▸ REQUIRED WORK
Would you print the listing that follows exactly, but without its pictures?

▸ PROVIDED DATA
◇ ◇ ◇

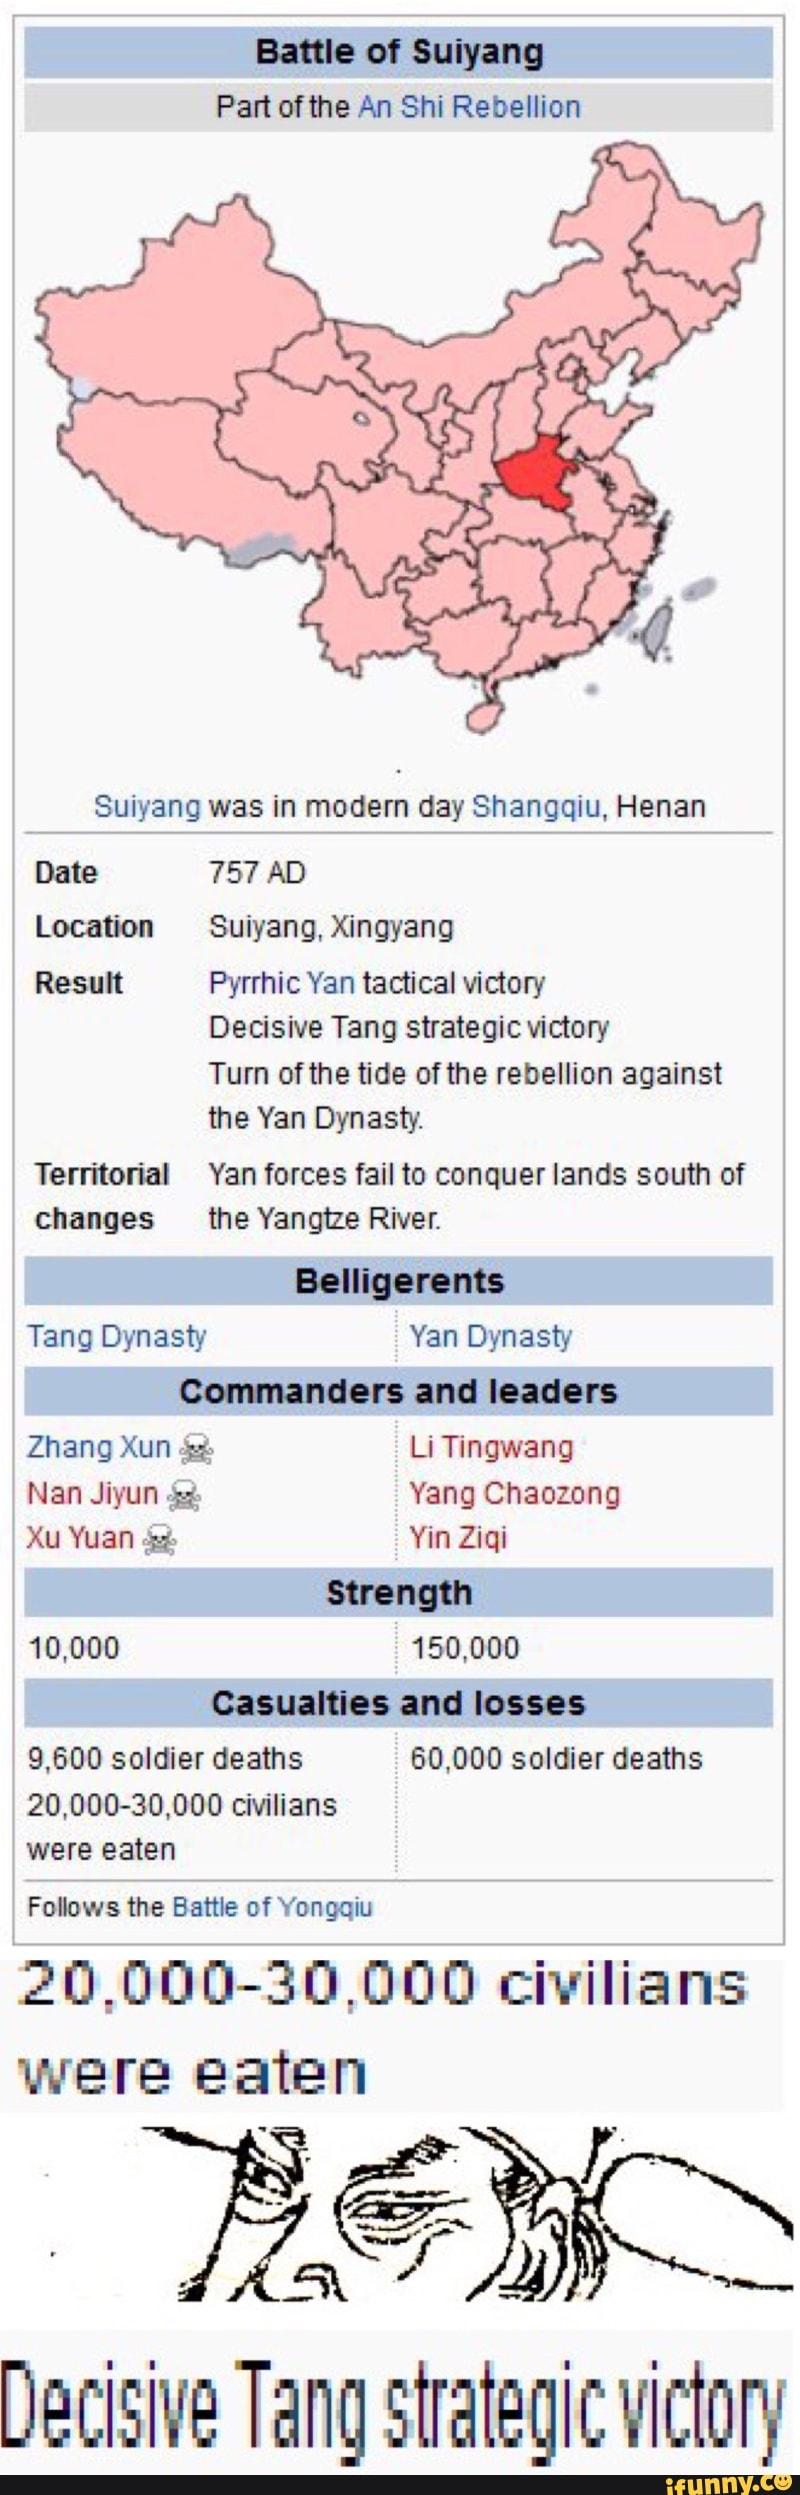 Battle of Suiyang
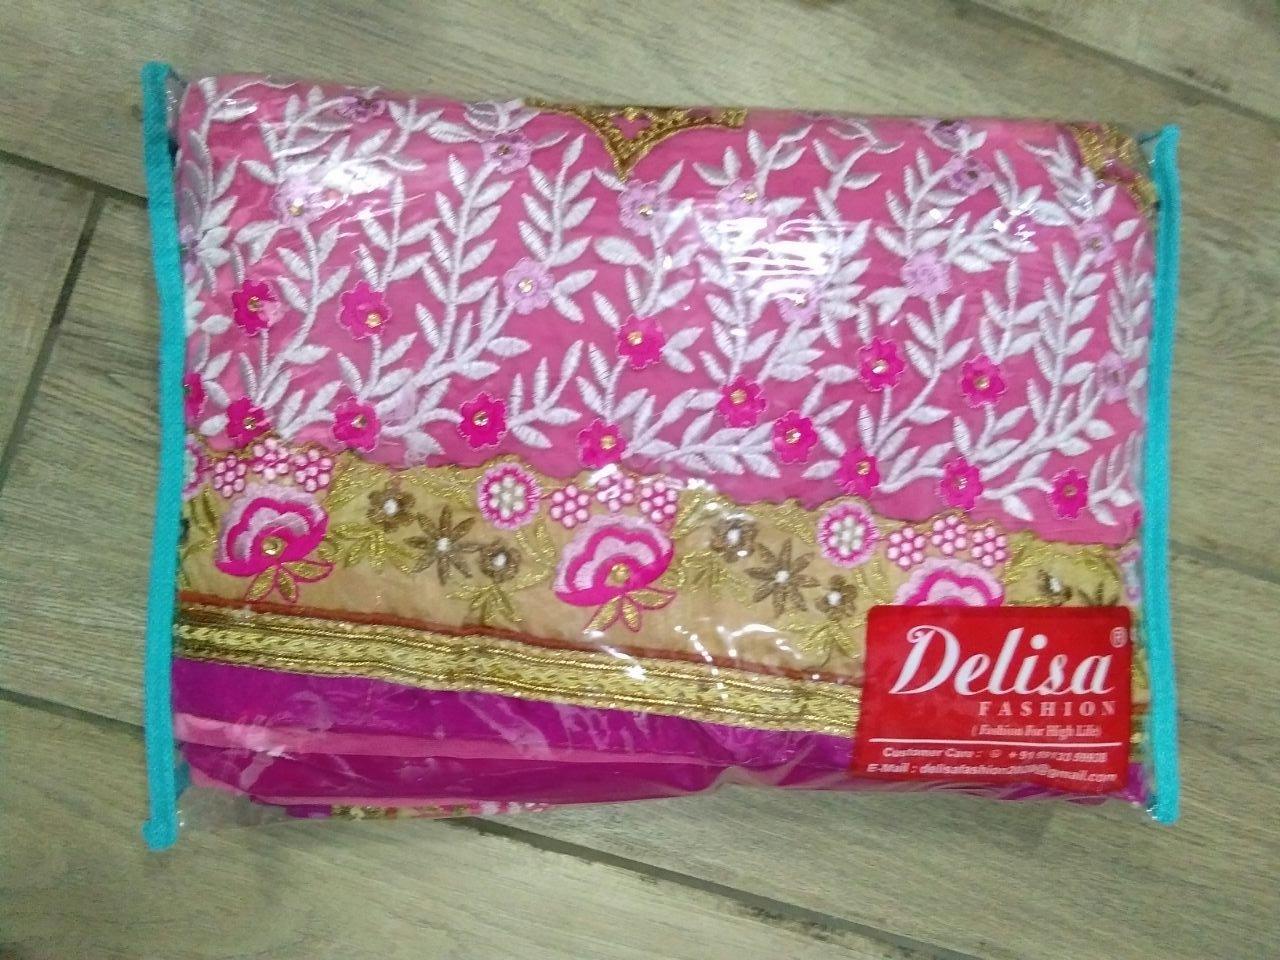 Delisa Fashion Ethnic Designer Bollywood Party Wear Pakistani Indian Saree tirupati by Delisa (Image #5)
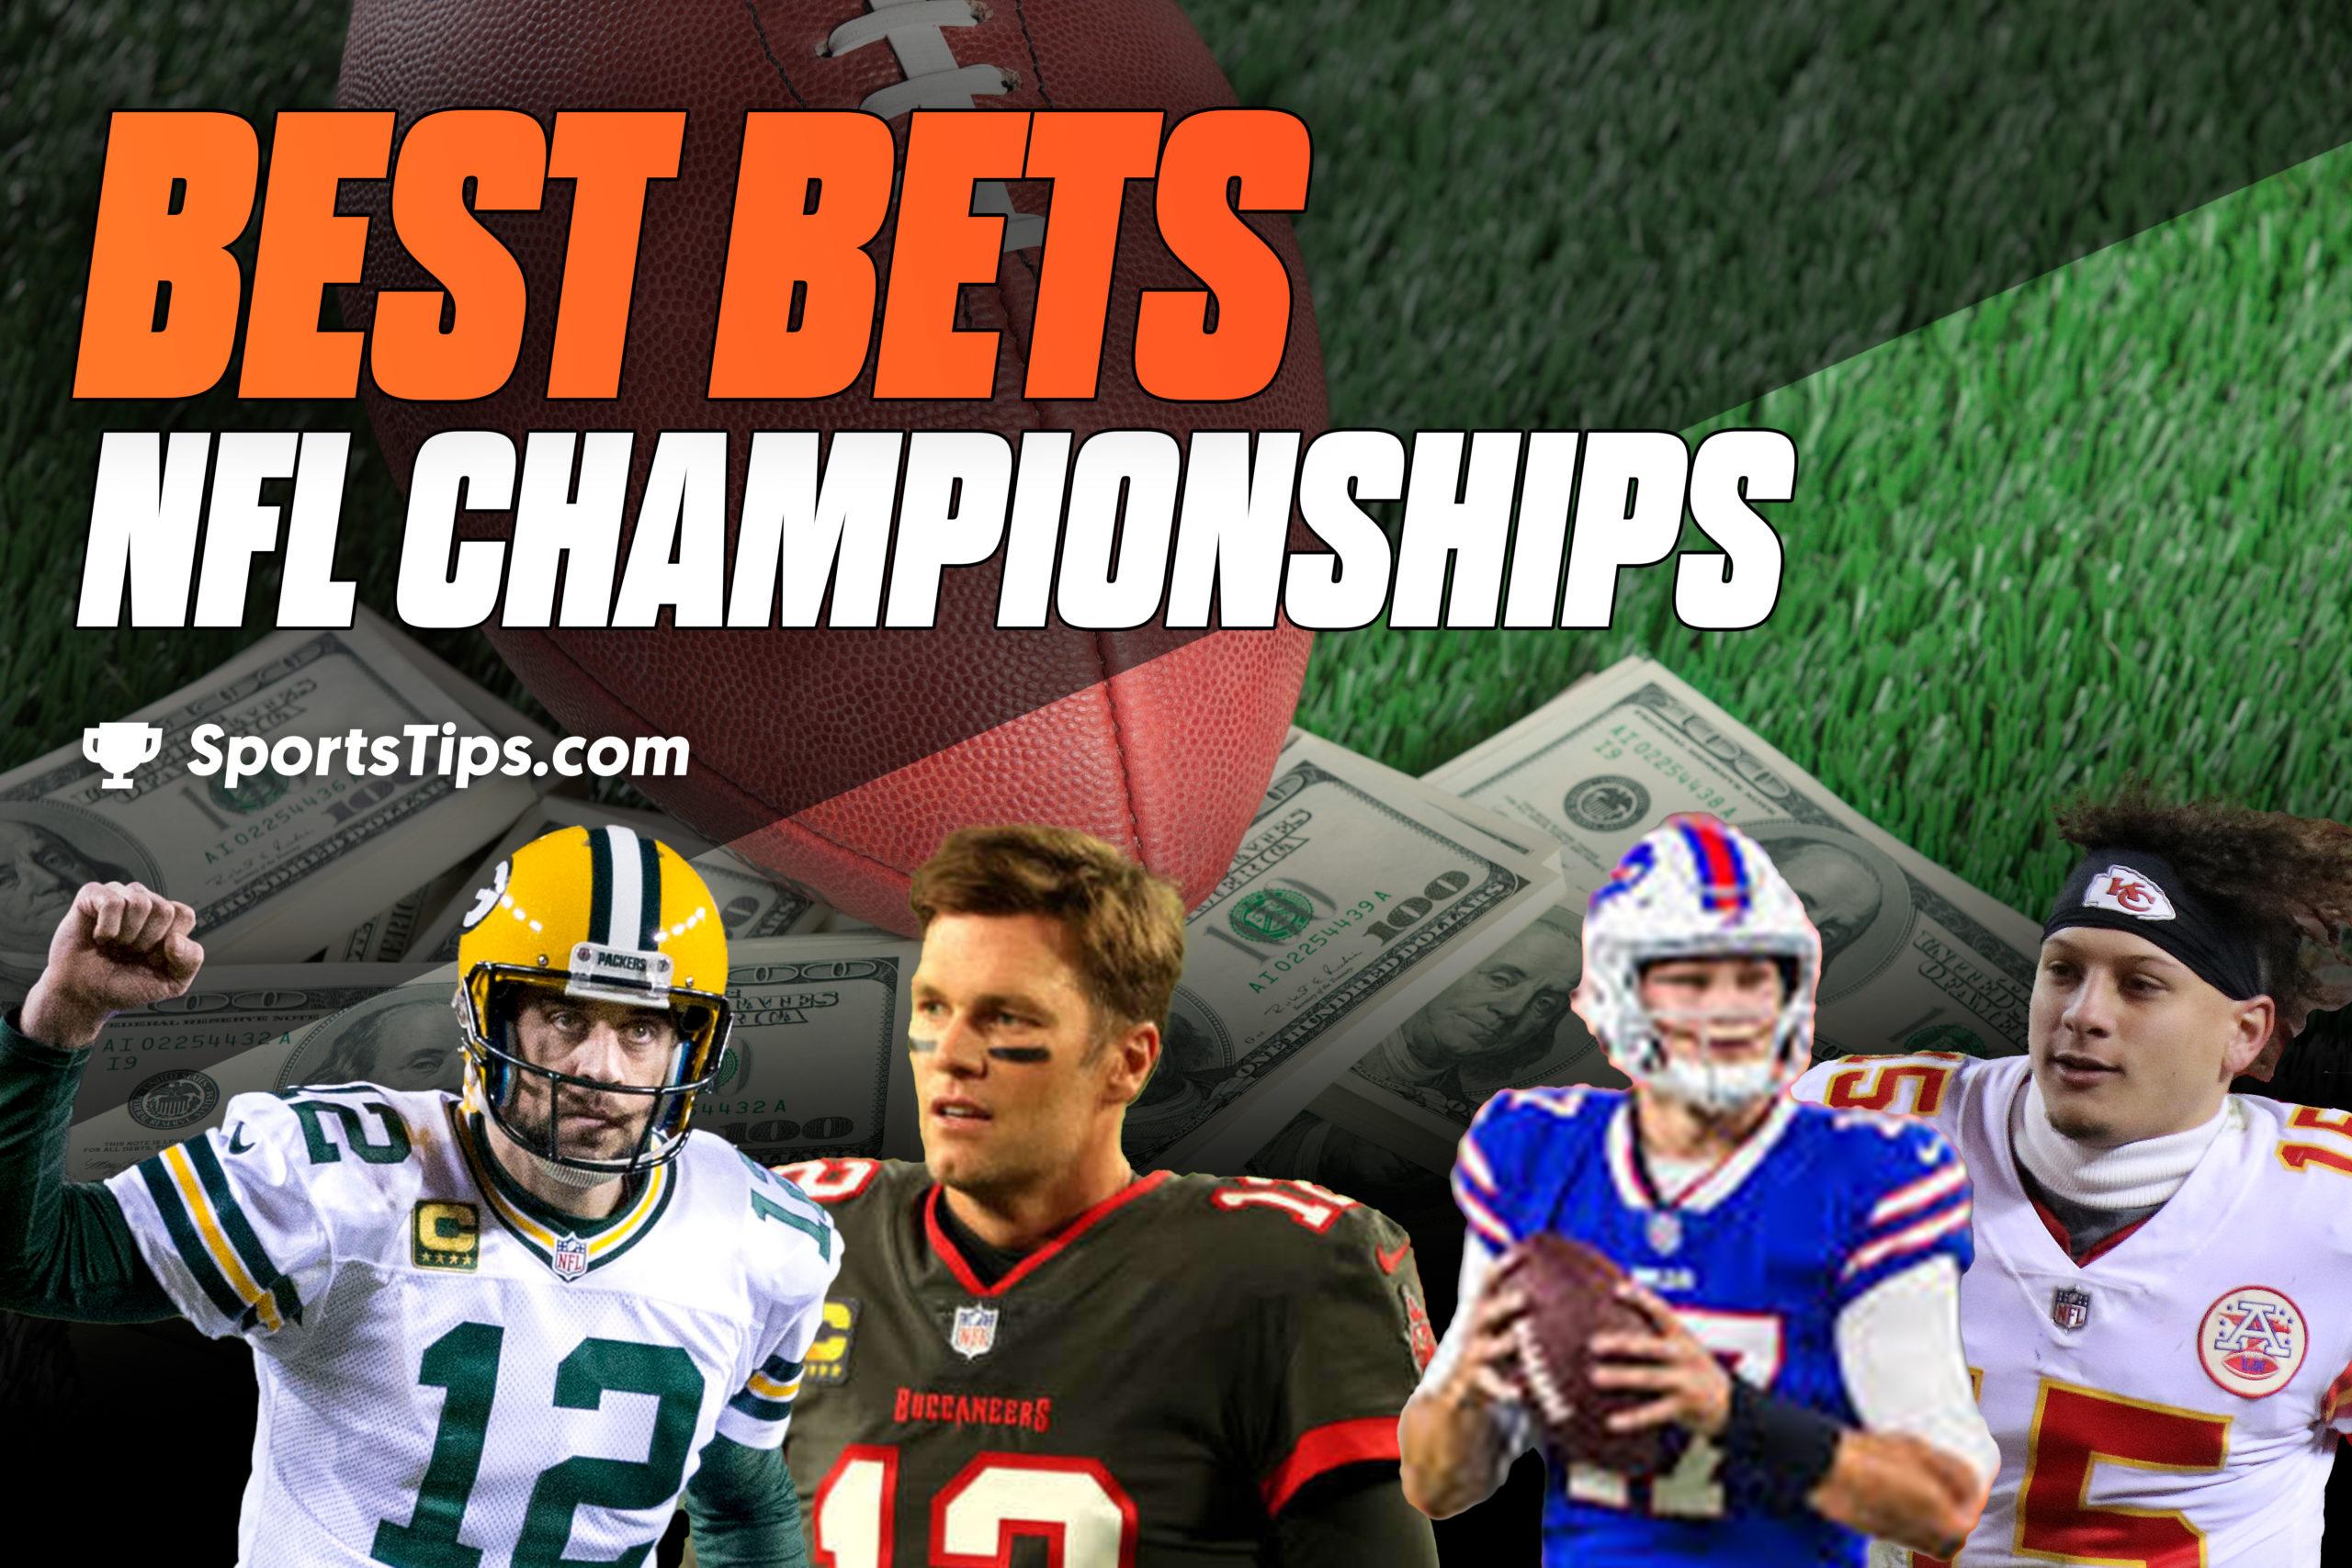 SportsTips' NFL Best Bets For Conference Championships

◇ ◇ ◇

▸ TASK RESPONSE
 Battle of Suiyang
 Delisa Fashion Ethnic Designer Bollywood Party Wear Pakistani Indian Saree tirupati by Delisa (Image #5)
 SportsTips' NFL Best Bets For Conference Championships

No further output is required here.